As a simple example, draw a line between the light source and detector to define a required system axis and use a simple positive lens as what interacts with the light in between as shown below in Fig. 1.
Fig. 1 A perfectly centered and tilt free lens relative to the system axis (black line)
As each component is added between the source and detector, optimum alignment is achieved when the light path following the component is unchanged in position or angle, that is, the light reaching the detector arrives at the same location and same angle as before the component was introduced in the light path. Now we discuss how to accomplish this task.
We , and others [2,3], have found that a Bessel beam propagates through optical components such as lenses and prisms as though the beam was a paraxial ray. As opposed to a real ray that comes to focus at the back focus of a lens illuminated with collimated light and is only visible as a focused spot in the back focal plane, a paraxial ray propagates an arbitrary distance. If we use a Bessel beam as our axis between source and detector, we can observe its position and direction at any point along the beam as in Fig. 2. (Details about Bessel beam creation are in the Appendix)
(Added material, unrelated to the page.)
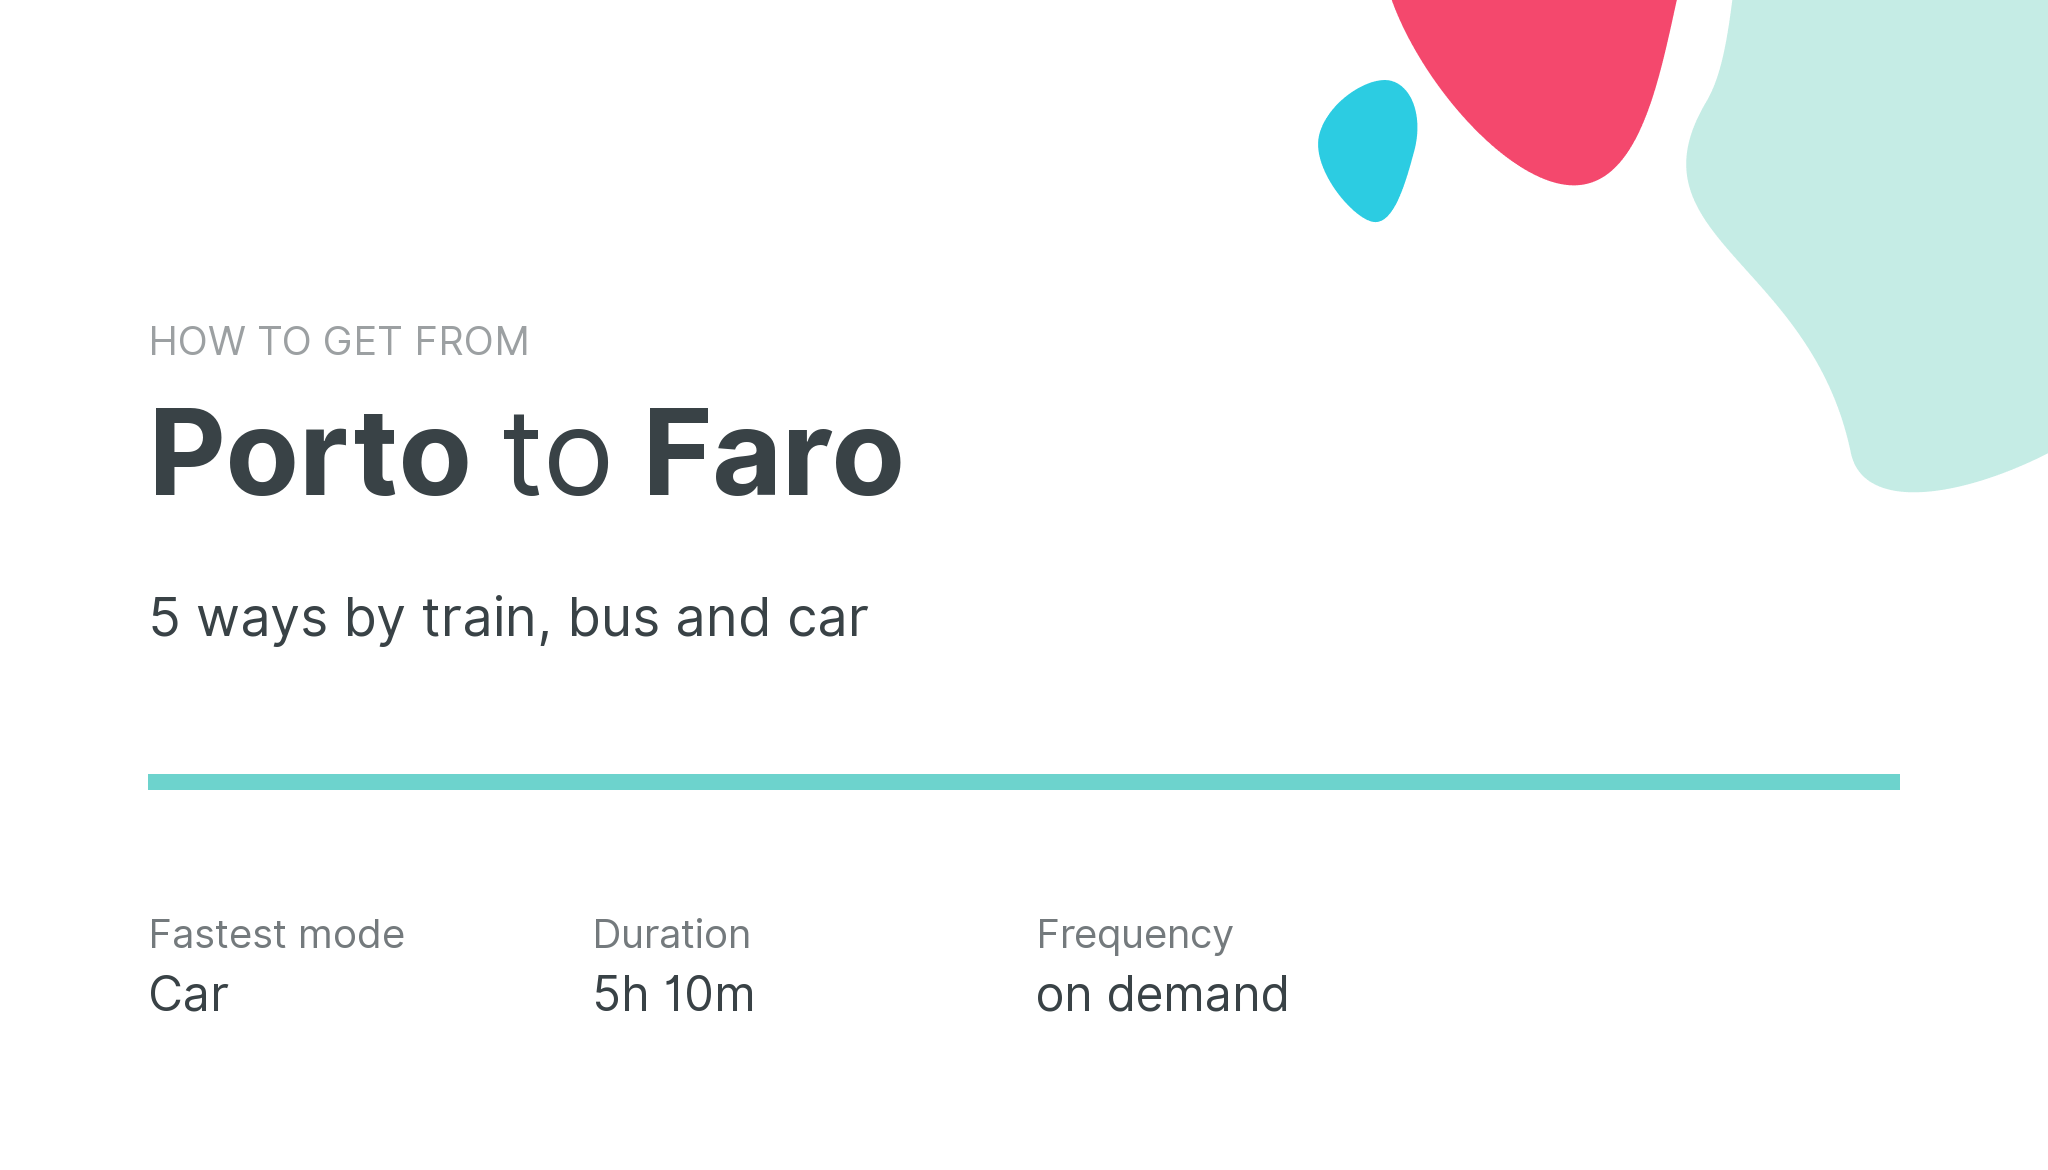 How do I get from Porto to Faro

Fig. 2 Bessel beam created by a point source and Axicon grating detected anywhere along the beam
To keep the example simple, but easily extended to multiple components, assume we want to place a lens between the source and detector planes that images an illuminated pinhole source onto a target crosshair in front of a detector. We project a Bessel beam created with a point source of light on the axis of an Axicon grating down the intended path between source and detector as in Fig. 3. Beyond the detector plane we place a beamsplitter and two video microscopes at different distances from the beamsplitter. Because of the different distances we can measure any change in the Bessel beam position and direction in 4 degrees of freedom (DOF).
Fig. 3 The Bessel beam is deflected when a lens with tilt and decenter is inserted in the Bessel beam
Now we insert the lens in the beam and move it in position and tilt. This causes the spots seen in the microscopes to move as in Fig. 4. There is one, and only one, position of the lens in 4 DOF for which the spots in the microscopes are centered as they were prior to inserting the lens. Now the transmitted Bessel beam is coincident with the beam before inserting the lens. This is considered perfect alignment of the lens. Since the Bessel beam is as it was before inserting the lens, it is now used as the reference for inserting the next element.
Fig. 4 Initial insertion of the lens deviates the Bessel spot location on both video microscopes
Now we must center the detector and pinhole on the reference Bessel beam. First, place the center of a reflecting ball at the design distance from the lens surface. We typically use a Grade 5, ½ inch steel ball. Have the ball rest on the end of a lens post to serve as a kinematic mount for the ball so the ball can be repeatably removed and replaced in the same position as shown in Fig. 5. Remove the beamsplitter and move in an autostigmatic microscope (ASM) so it faces the source and focuses approximately on the center of the ball. Remove the ball from the post and align the ASM with the Bessel beam. Then center the ball to the ASM using the reflection from the center of the ball. The center of the ball is centered on the Bessel beam as shown in Fig. 6.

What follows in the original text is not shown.